"Emergência" equilibra-se entre o humor e o drama para tocar nas profundas feridas das relações raciais.
Comédias universitárias temos aos montes na história do cinema. Boa parte delas se despreocupa com mensagens e se atém especialmente à diversão despretenciosa. K. D. Dávila se utiliza dessa ambiência e com um estilo satírico promove uma reflexão profunda sobre as relações raciais no filme da crítica de hoje.
Emergência (Emergency) é uma comédia dramática repleta de momentos de tensão. O filme foi lançado inicialmente como curta-metragem, ainda em 2018, quando recebeu no Festival de Cinema de Sundance, o Prêmio Waldo Salt de Roteiro. Com o texto adaptado por sua criadora K. D. Dávila ao formato de longa-metragem e com a direção de Carey Williams, o filme distribuído pela Amazon Studios chegou ao Prime Video em 27 de maio de 2022 e já coleciona 92% de aprovação na média dos críticos no site agregador Rotten Tomatoes.
Na trama, acompanhamos dois amigos e estudantes universitários Sean (RJ Cyler) e Kunle (Donald Elise Watkins). Apesar de diferentes quanto ao temperamento, os amigos pretendem se tornar os primeiros homens negros a completarem o Tour lendário, que consiste basicamente em visitar um total de sete festas de fraternidades diferentes em uma mesma noite. O que tinha tudo pra ser um dia inesquecível, não sai conforme o esperado, já que quando os dois passam na casa que eles dividem com o amigo Carlos (Sebastian Chacon), um estudante de origem latina, eles se deparam com o corpo inconsciente de Emma (Maddie Nichols), uma jovem branca menor de idade, em sua sala de estar.
As coisas tomam rumos ainda mais complicados quando Sean insiste para que eles não chamem a polícia, com receio de serem acusados injustamente pelo fato de serem negros. A partir daí, os três iniciam uma saga para conseguirem ajudar a menina inconsciente sem necessariamente se comprometerem.
Emergência é um longa marcado por três atos bem estabelecidos e com mudanças de tom que podem não agradar a todos, mas que façamos justiça: são ousadas. Temos desde uma comédia universitária clássica, até um arco final com um peso dramático de deixar qualquer um nauseado e abatido com o poder de sua mensagem.
A direção acerta a mão na hora de criar os momentos de tensão e a sequência da sala de estar é um dos ápices do longa. A cena é bem construída e mescla os gêneros do filme de modo que mal saibamos reconhecê-los isoladamente.

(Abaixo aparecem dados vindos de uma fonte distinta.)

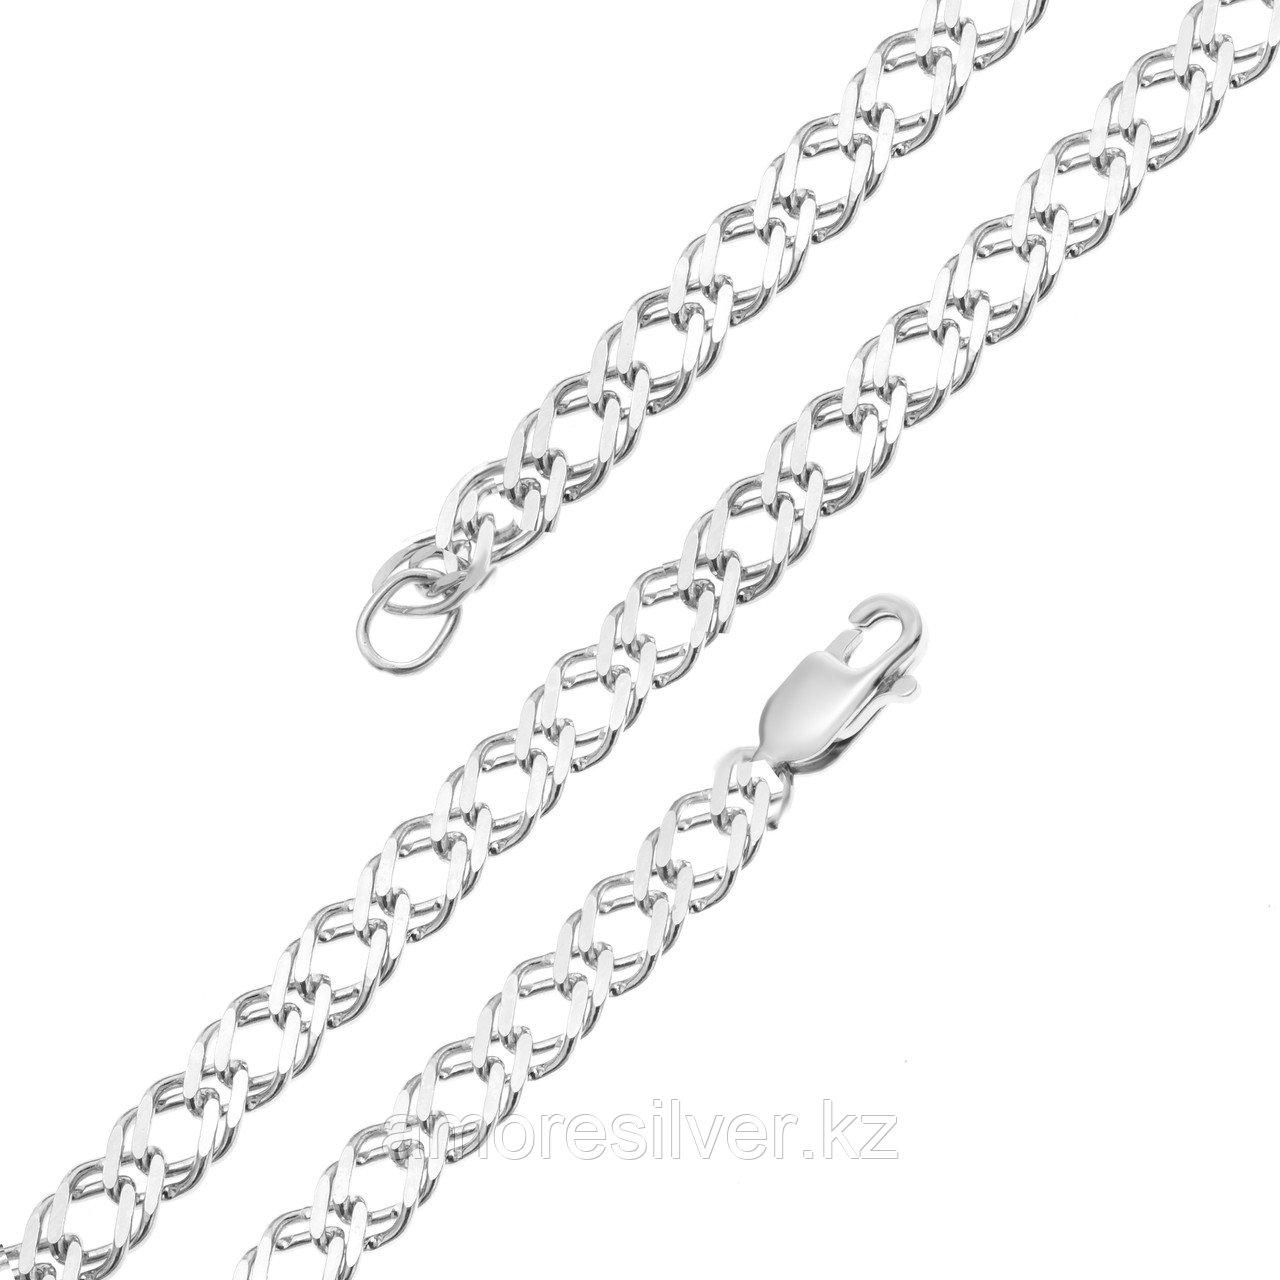 Браслет Красцветмет серебро с родием, без вставок, ромб двойной НБ 22-076-3-060 размеры - 18 19

A dupla principal de amigos tem uma química tangível que nos faz torcer para que os personagens resolvam o plot da melhor maneira possível. O grande destaque, no entanto, fica por conta da brilhante atuação de RJ Cyler. Ainda que Sean seja aquele personagem que veio para incomodar, que parece querer tirar o amigo "politicamente correto" dos trilhos, que quer optar pelas soluções que podem parecer erradas ao primeiro olhar, é justamente ele que antecipa boa parte das lições e que nos revela a dura realidade de ser a todo momento julgado pela cor da sua pele.

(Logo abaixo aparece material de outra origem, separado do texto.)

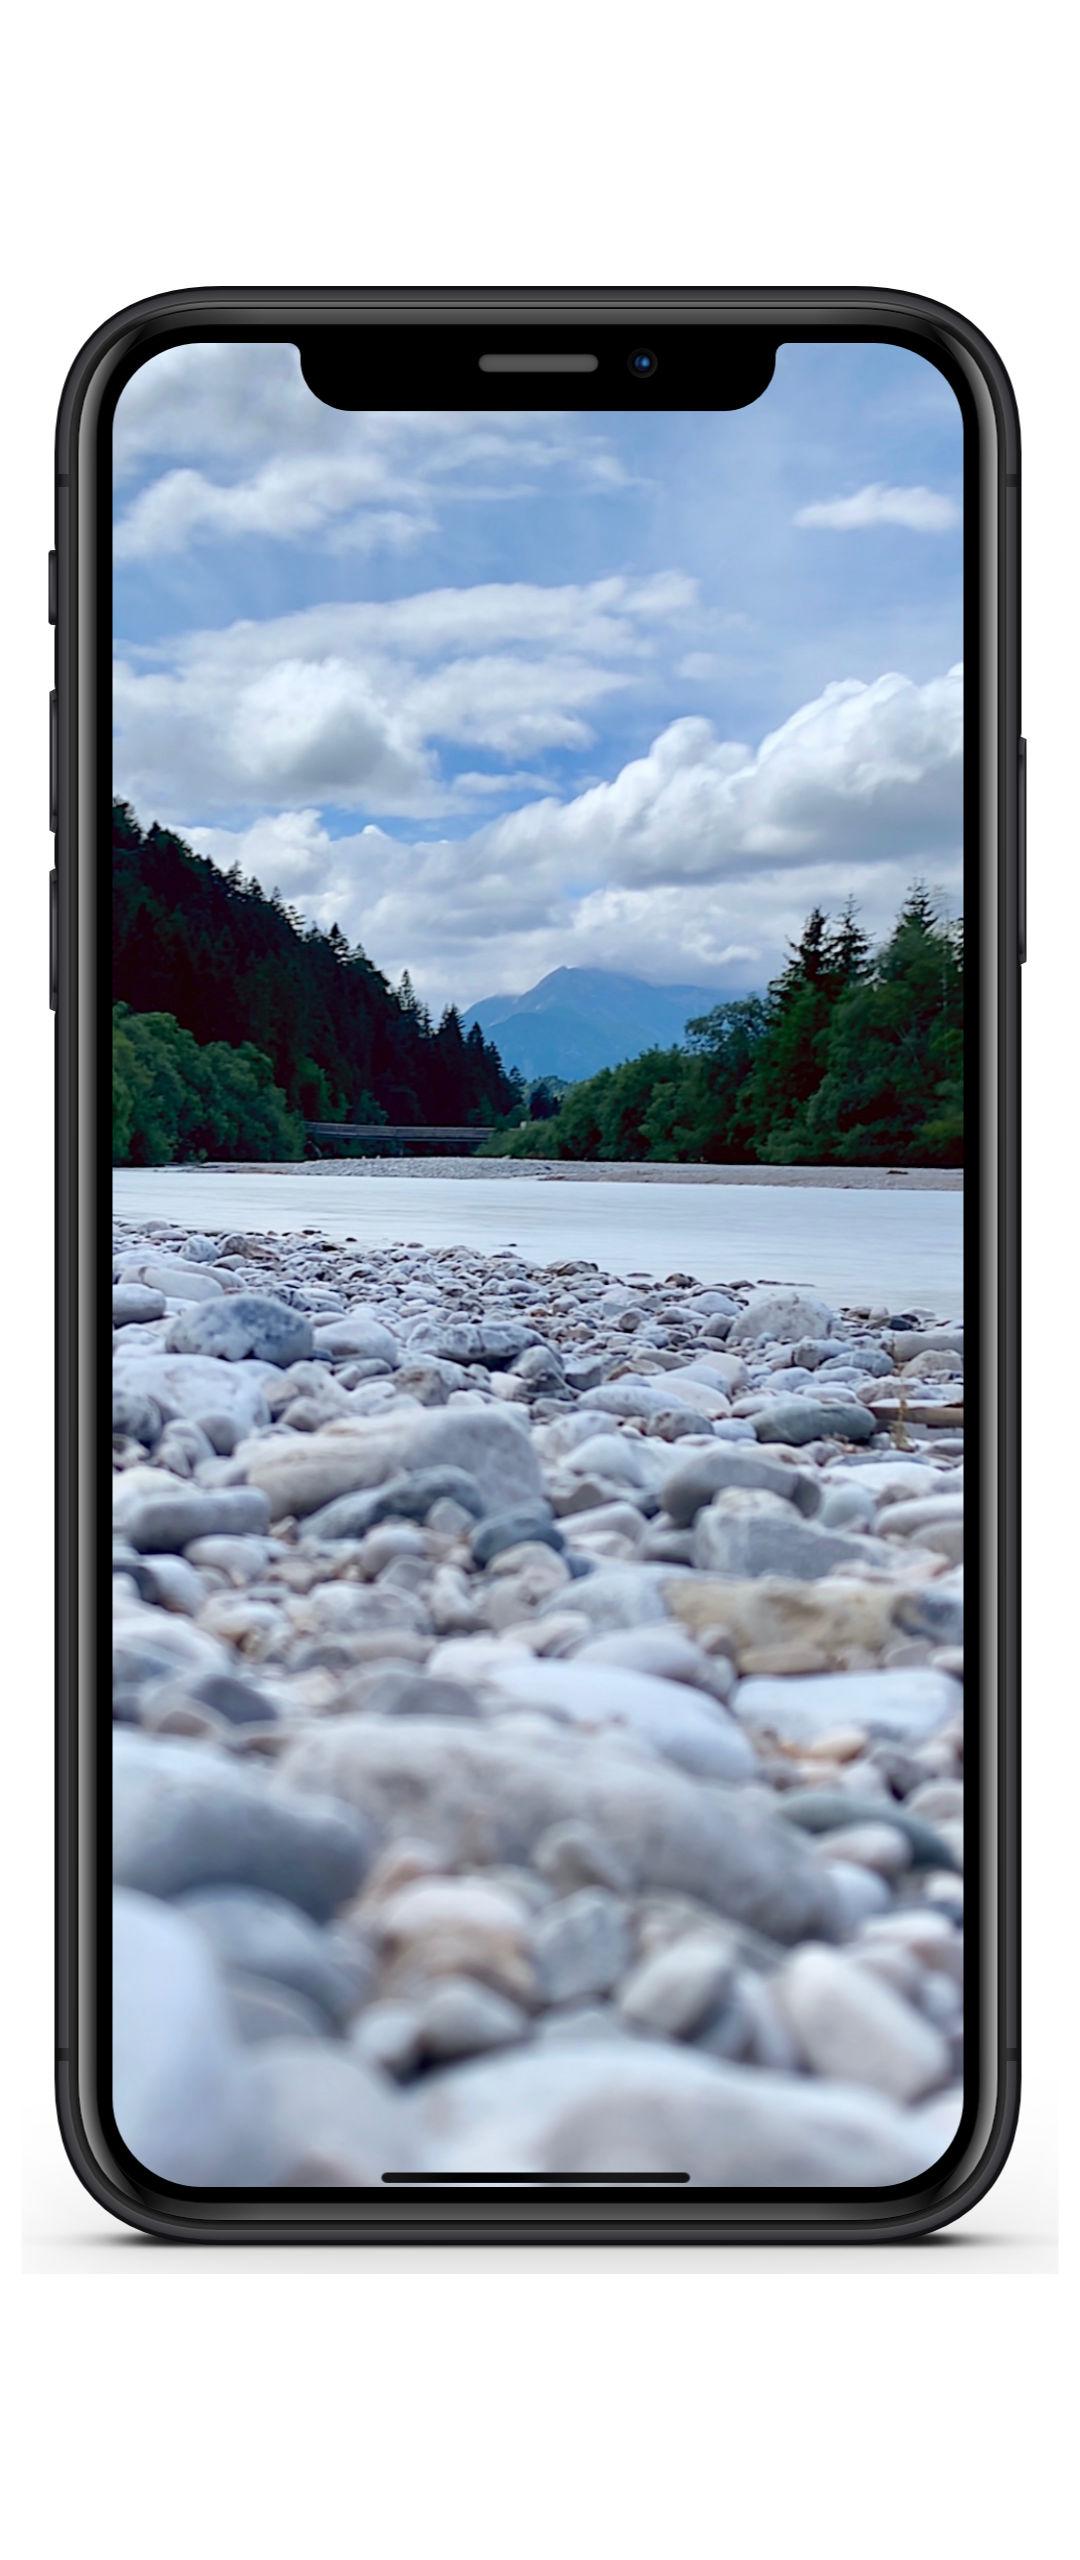 iPhone XR Wallpaper

A falha de Emergência se encontra em seu segundo ato longo demais, que desajeita o ritmo e comprova que de fato o formato curta metragem talvez seja a melhor opção para essa história. Além disso, os personagens do núcleo "branco" da trama, se em algum momento pretendiam ter um viés cômico, o objetivo não é antendido. Se o propósito único era o de termos ranço por aquele núcleo de personagens, isso sim foi cumprido com sucesso.
O terceiro ato recupera o fôlego e entrega o momento mais reflexivo e tocante de todo o filme. A sequências de diálogos que inicia com a cena do hospital e segue então para o diálogo entre os amigos é tão orgânica que é impossível não se emocionar.